Het nummer ‘O Mn Bloedmooie Zeeland’, een vertaling van de Ryan Adams-klassieker ‘Oh My Sweet Carolina’, is een ode aan de provincie waar Peter eigenlijk nooit is weggeweest. “Paskal wilde dit liedje spelen tijdens zijn solotoertje en hij vroeg me of ik het voor hem wilde vertalen. Dat heb ik gedaan en vervolgens dacht ik: ik moet het door-vertalen naar het Zeeuws en het dan zelf opnemen. Het viel uiteindelijk helemaal op z’n plek.”
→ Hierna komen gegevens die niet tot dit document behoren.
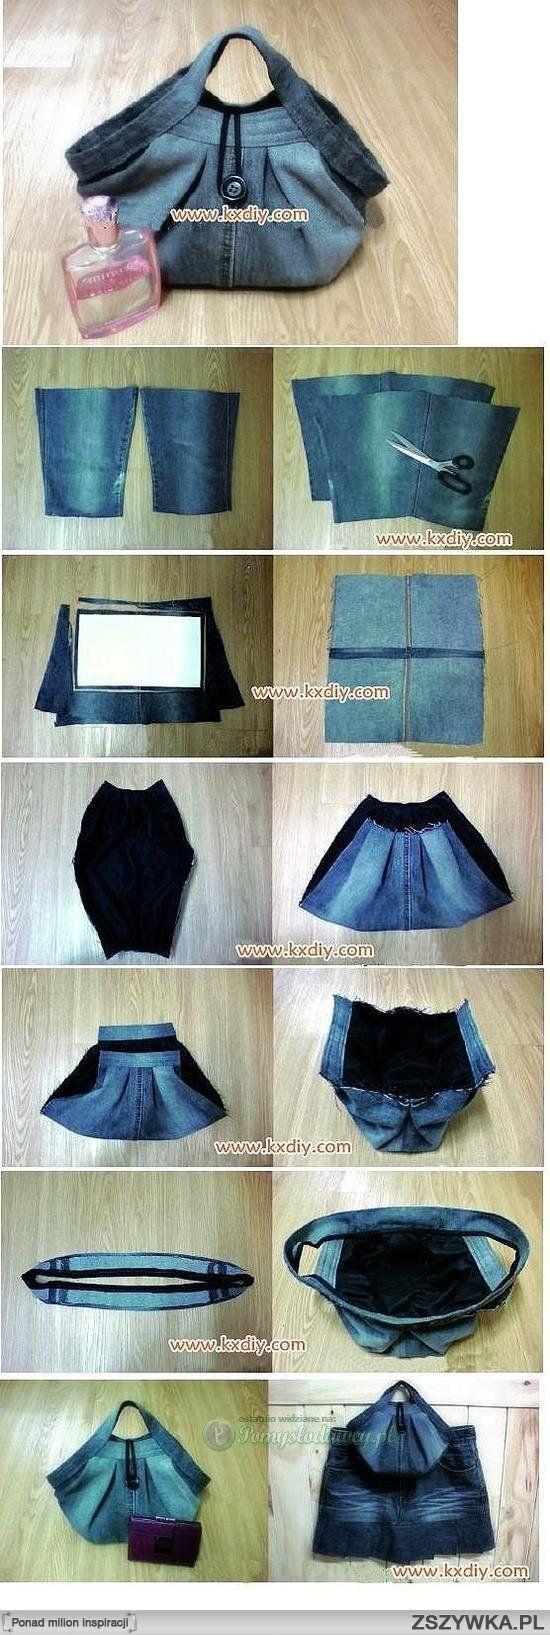 DIY-Handmade/torebka-ze-starych-jeansow

Op ‘Even wachte’ zingt Rita Zipora mee. “Dit lied hebben we samen geschreven en staat in het Nederlands op Rita’s album Stroom. Maar ik wilde het ook graag zelf gebruiken. Alleen dan anders.” Ook zangeres Anneke van Giersbergen zingt mee op enkele liedjes en de Vlaamse mondharmonica-virtuoos Steven Debruyn is onder meer te horen in het onheilspellende ‘As Dn Diek Straks Breekt’. “Mijn eigen Zeeuwse Armageddon-lied”, aldus Peter, “waarin ik heb geprobeerd de eerbied te vangen die de mensen hier nog altijd hebben voor het water.”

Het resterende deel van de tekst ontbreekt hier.